“The mind is not a vessel to be filled but a fire to be kindled.”
About 30% to 40% of patients with newly diagnosed diffuse large B-cell lymphoma (DLBCL) experience relapse, and 10% are refractory to the regimen of rituximab, cyclophosphamide, doxorubicin, vincristine, and prednisone. Most relapses occur during the first 2 years.
At relapse, patients are categorized into one of two therapeutic groups: transplant-eligible or transplant-ineligible. Transplant-eligible patients who respond (at least a partial response) to platinum-based immunochemotherapy proceed with curative intent to high-dose chemotherapy and autologous hematopoietic transplantation (auto-HCT).1,2 This recommendation is based on the results of the PARMA trial1 (from 1995), in which 109 patients who had chemosensitive disease were randomly assigned to receive four cycles of chemotherapy with the regimen of dexamethasone, high-dose cytarabine, and cisplatin (n = 54) or high-dose chemotherapy with autologous hematopoietic cell rescue (n = 55). Radiotherapy was part of the transplantation protocol and was indicated at the sites of bulky (≥ 5 cm) disease.
Syed Ali Abutalib, MD
Miguel-Angel Perales, MD
Patients assigned to transplantation had superior overall survival of 53% vs 32% in the control arm. The overall response rate (84 vs 44%) and event-free survival rate (46% vs 12%) were also superior with auto-HCT. Certain disease characteristics, such as primary refractoriness, a high second-line age-adjusted International Prognostic Index (IPI), and double- or triple-hit genetic lesions in the tumor (rearrangement of MYC with BCL2 or BCL6 [or both]), have been associated with a lower likelihood of response to salvage therapy.
It is important to recognize that approximately half of transplant-eligible patients will not receive the intended auto-HCT owing to the failure of platinum-based immunochemotherapy. These subgroup patients are candidates for third-line therapies, including the U.S. Food and Drug Administration–approved chimeric antigen receptor (CAR) T-cell therapies.2-4
In the CORAL study,5 about 30% of patients who could not proceed to auto-HCT could still benefit from a third-line salvage chemotherapy regimen and received consolidation autologous transplantation, with a significant improvement in long-term survival. In this study, the overall survival was significantly improved in patients with lower tertiary IPI, patients responding to third-line treatment, and patients transplanted with a 1-year overall survival of 41.6% compared with 16.3% for those not transplanted (P < .0001).
The standard-of-care second-line therapy for transplant-ineligible patients is undefined, due to the lack of a curative therapy. The National Comprehensive Cancer Network Clinical Practice Guidelines in Oncology (NCCN Guidelines®) include a long list of regimens or agents that can be administered with palliative intent.6
ABSTRACT LBA-6: Tisagenlecleucel (n = 162) vs standard of care (n = 160; control arm) as second-line therapy of primary refractory or early (< 12 months) relapsed aggressive B-cell non-Hodgkin lymphoma (NHL; ClinicalTrials.gov identifier NCT03570892).7
Background: Tisagenlecleucel is an autologous anti-CD19 CAR T-cell therapy approved as a third-line treatment of relapsed or refractory DLBCL. In the JULIET study,2 a response occurred in 52% of patients with DLBCL who received tisagenlecleucel, and the 24-month progression-free survival was 33%.
Methods: The primary endpoint was event-free survival, which started from the time of randomization to less than a partial response or after 3 months’ assessment or death at any time.

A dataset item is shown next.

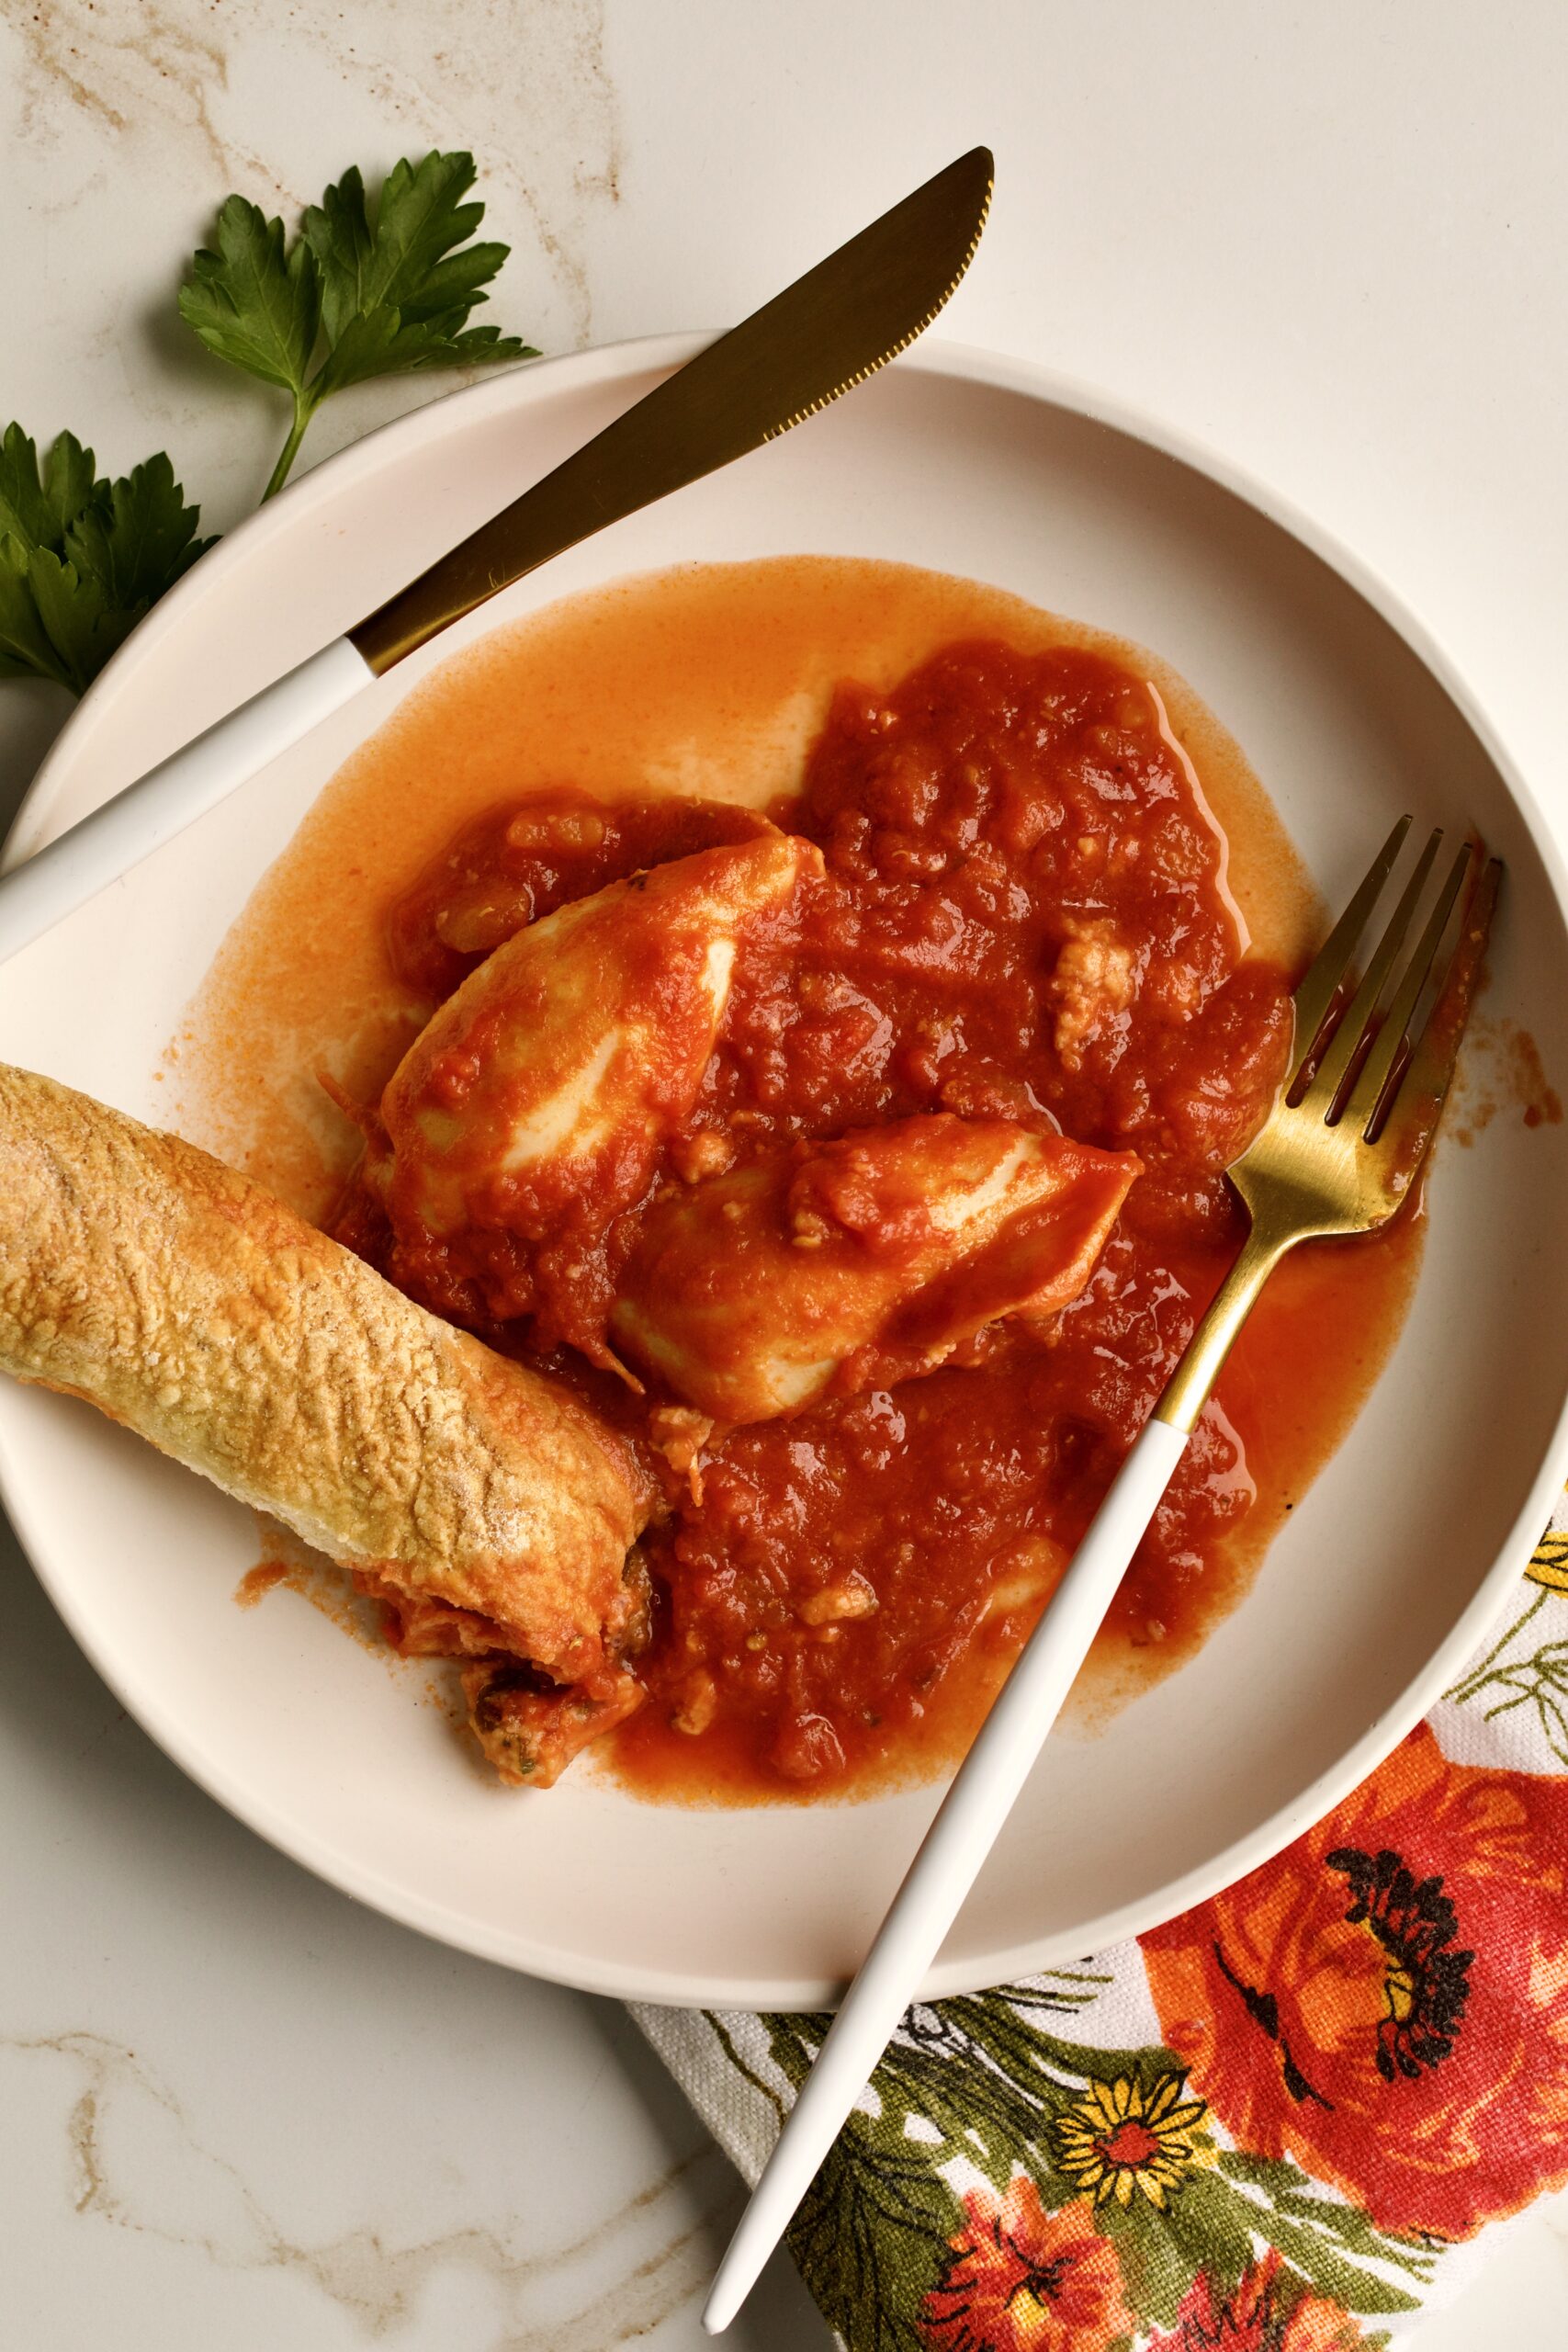 stuffed calamari with tomato sauce served in a plate with crusty bread

Standard-of-Care Treatment Strategy: Investigator’s choice of four prespecified chemotherapy regimens (same as bridging therapy) followed, in patients having a response, by auto-HCT. In this group, 158 of 160 patients were assigned to platinum-based second-line therapy; 102 patients did not receive auto-HCT, including 76 with progressive disease. Of 62 patients who received auto-HCT, 10 received second-line salvage therapy, findings indicative of the aggressive disease characteristics in this population.
Crossover Allowed: Yes.
Bridging Chemotherapy in Tisagenlecleucel Arm: Yes; 47% received at least two cycles of platinum-based chemotherapy, 36% received one cycle, and 17% had no bridging therapy. More non-U.S. patients than U.S. patients received at least two cycles or regimens of bridging therapy (59% vs 21%), and less progressive disease before tisagenlecleucel infusion was observed in non-U.S. patients than in U.S. patients, despite a longer time to infusion.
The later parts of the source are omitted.